• WORK REQUIRED: The reply should be an exact repeat of the listing, with no pictures in it.

*** Opening of DATA PROVIDED ***

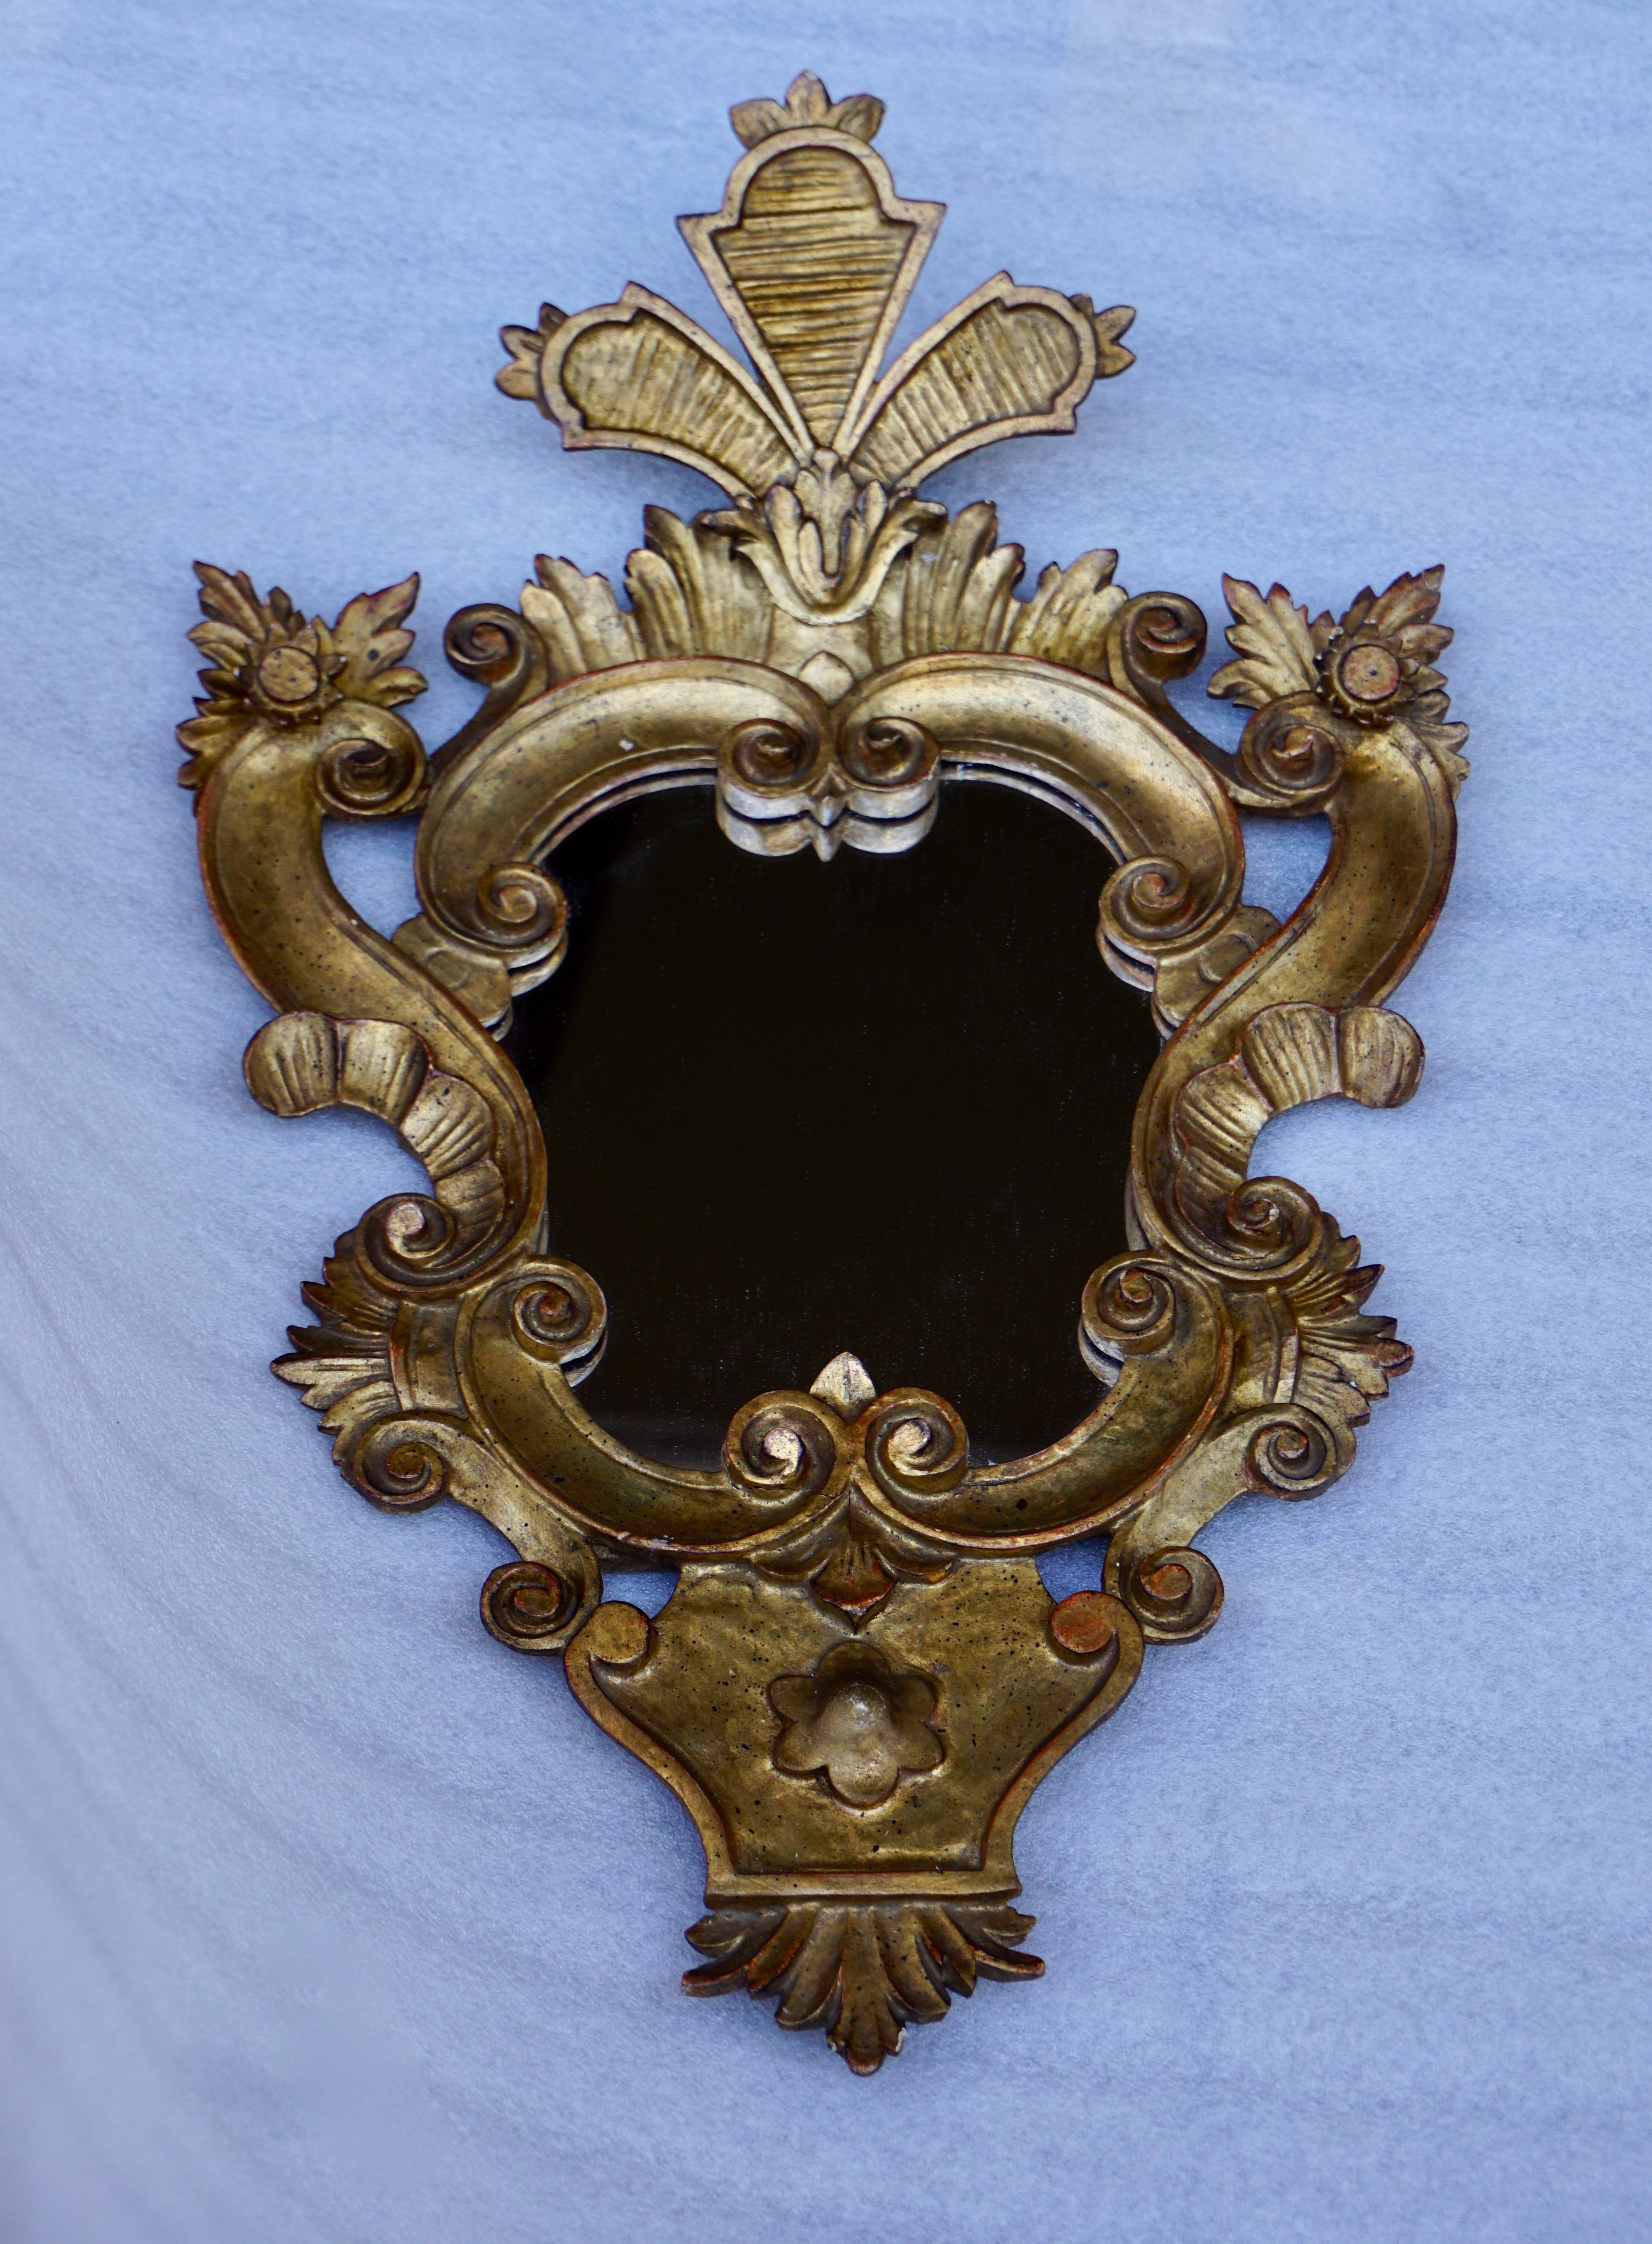 Schöne große venezianische Rokoko-Stil geschnitzt vergoldetem Holz Spiegel.
Maße: Höhe 60 cm.
Breite 38 cm.
Tiefe 10 cm.

*** Close of DATA PROVIDED ***

• ANSWER BELOW:
 Schöne große venezianische Rokoko-Stil geschnitzt vergoldetem Holz Spiegel.
Maße: Höhe 60 cm.
Breite 38 cm.
Tiefe 10 cm.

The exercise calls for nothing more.